▶ _Input data_
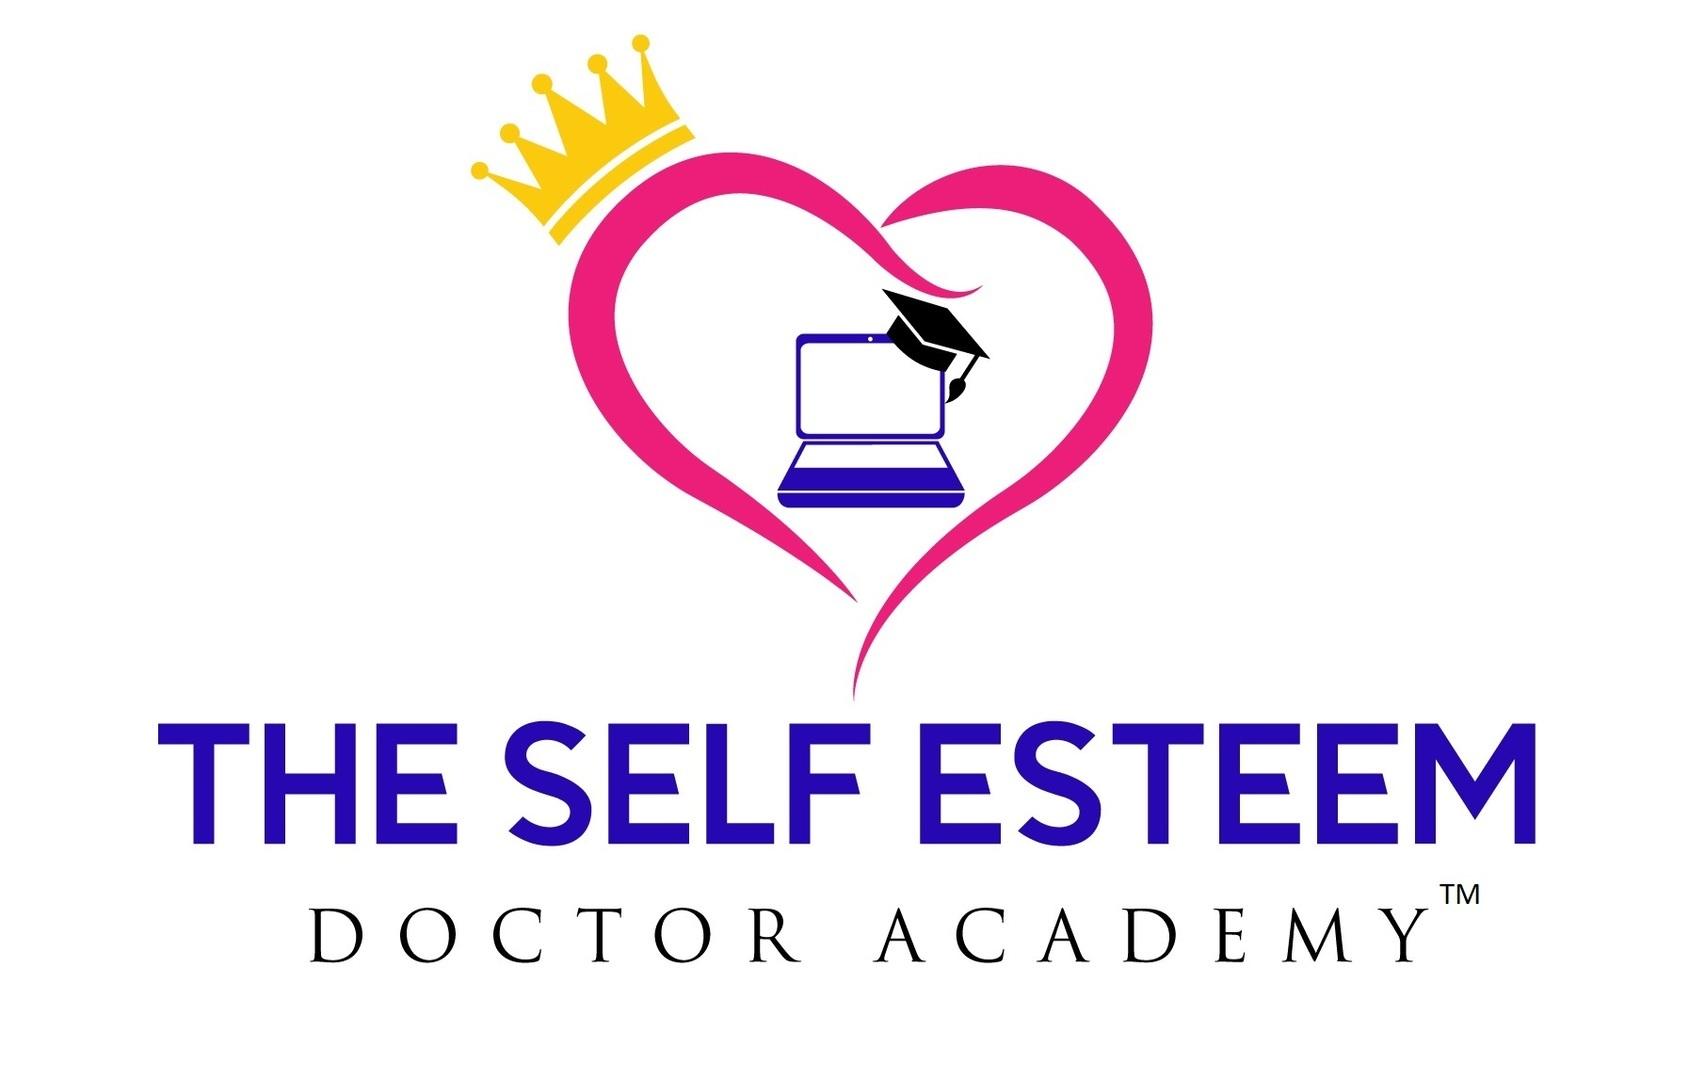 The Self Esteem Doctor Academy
---
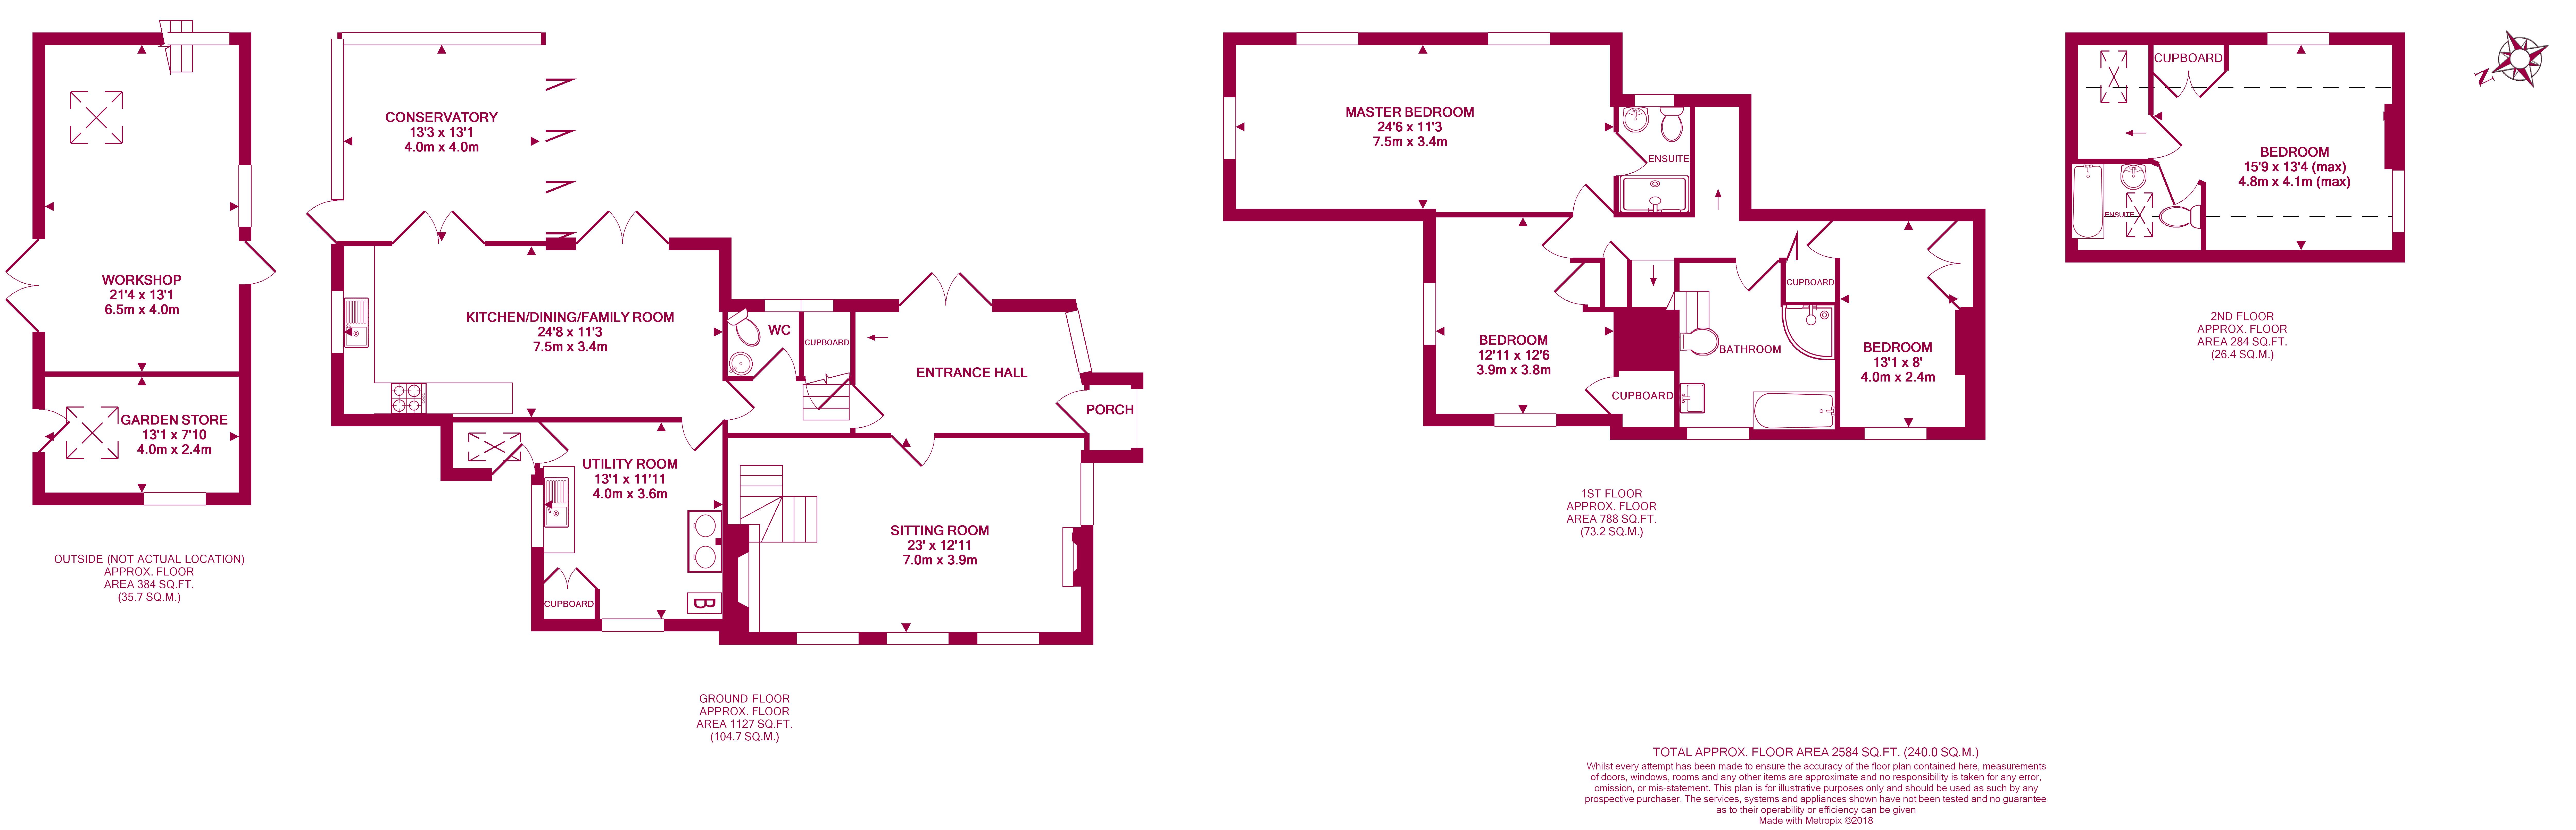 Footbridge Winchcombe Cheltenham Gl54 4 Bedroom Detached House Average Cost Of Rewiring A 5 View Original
--
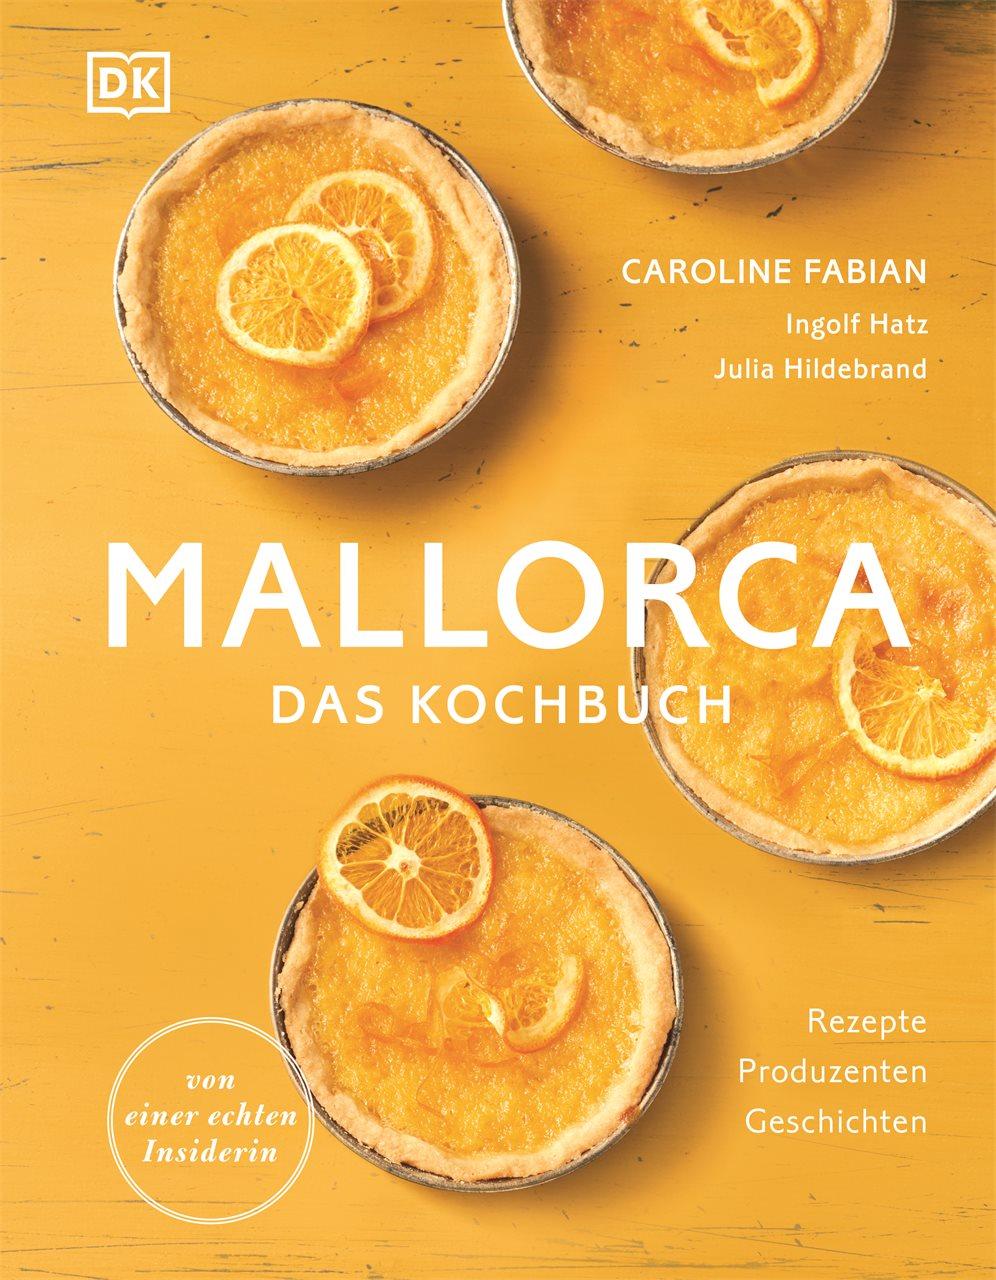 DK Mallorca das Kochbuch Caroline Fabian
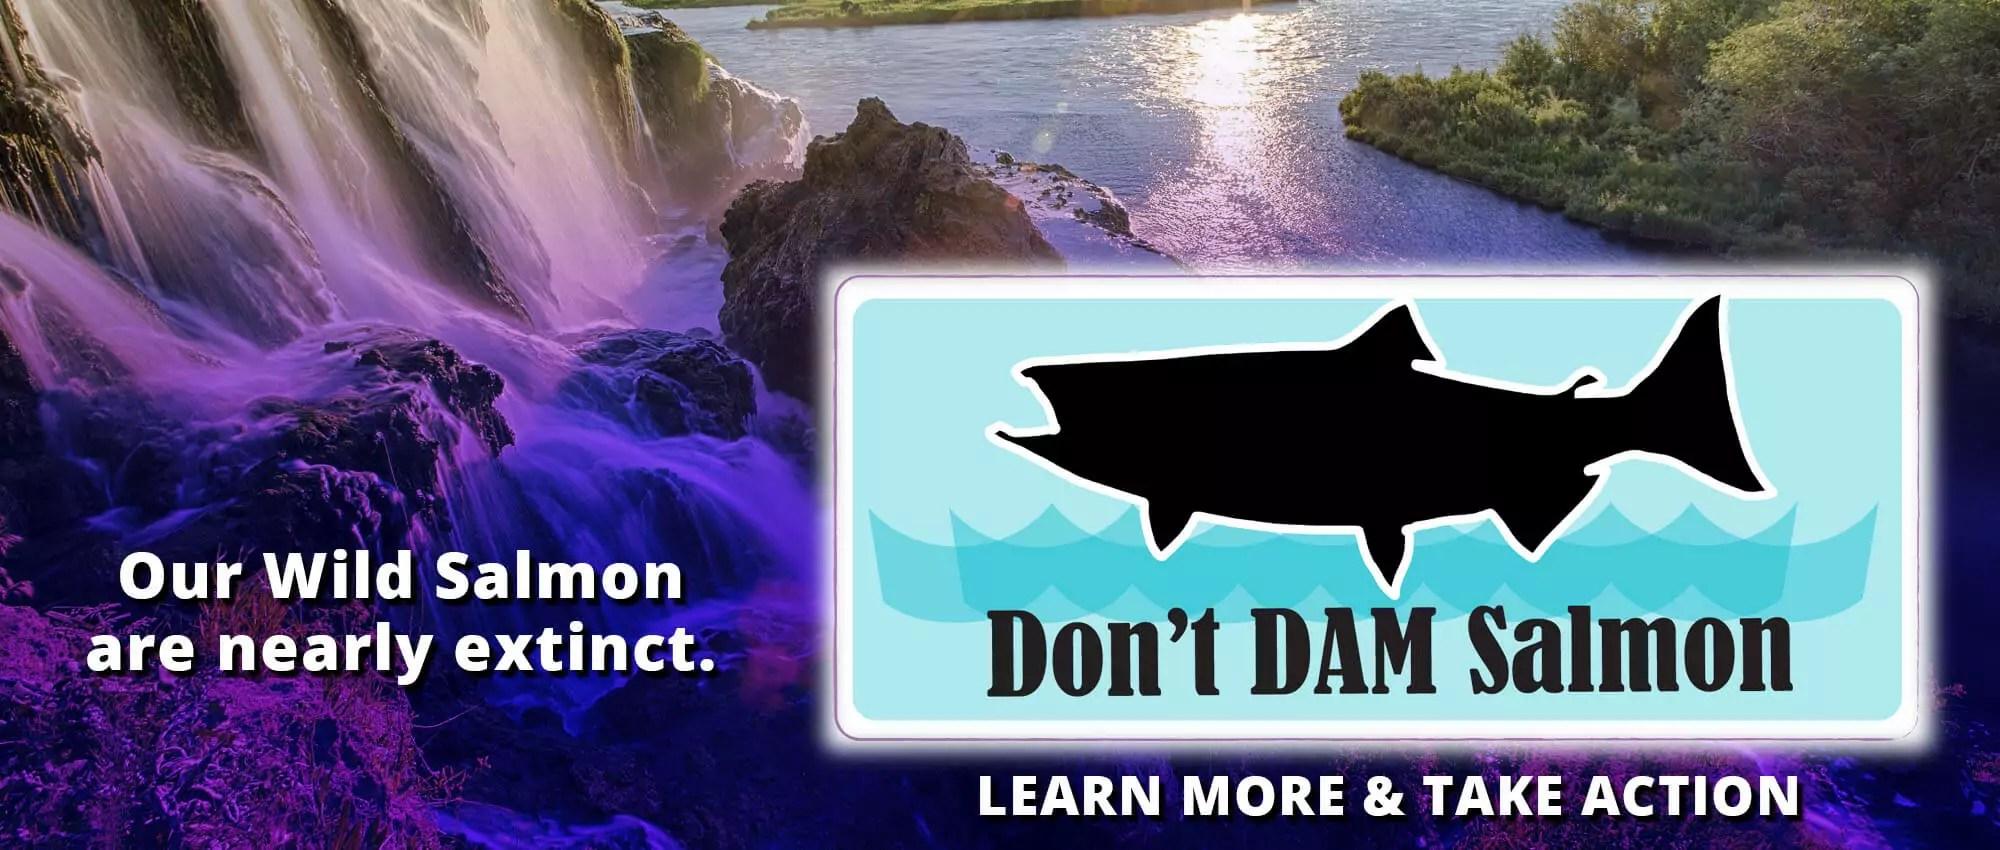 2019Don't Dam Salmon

▶ _About this exercise_
Write out exactly the lines above between the one with "DK Mallorca das Kochbuch Caroline Fabian" and the one with "2019Don't Dam Salmon", inclusive, with pictures left out.

▶ _Your solution_
 DK Mallorca das Kochbuch Caroline Fabian
 2019Don't Dam Salmon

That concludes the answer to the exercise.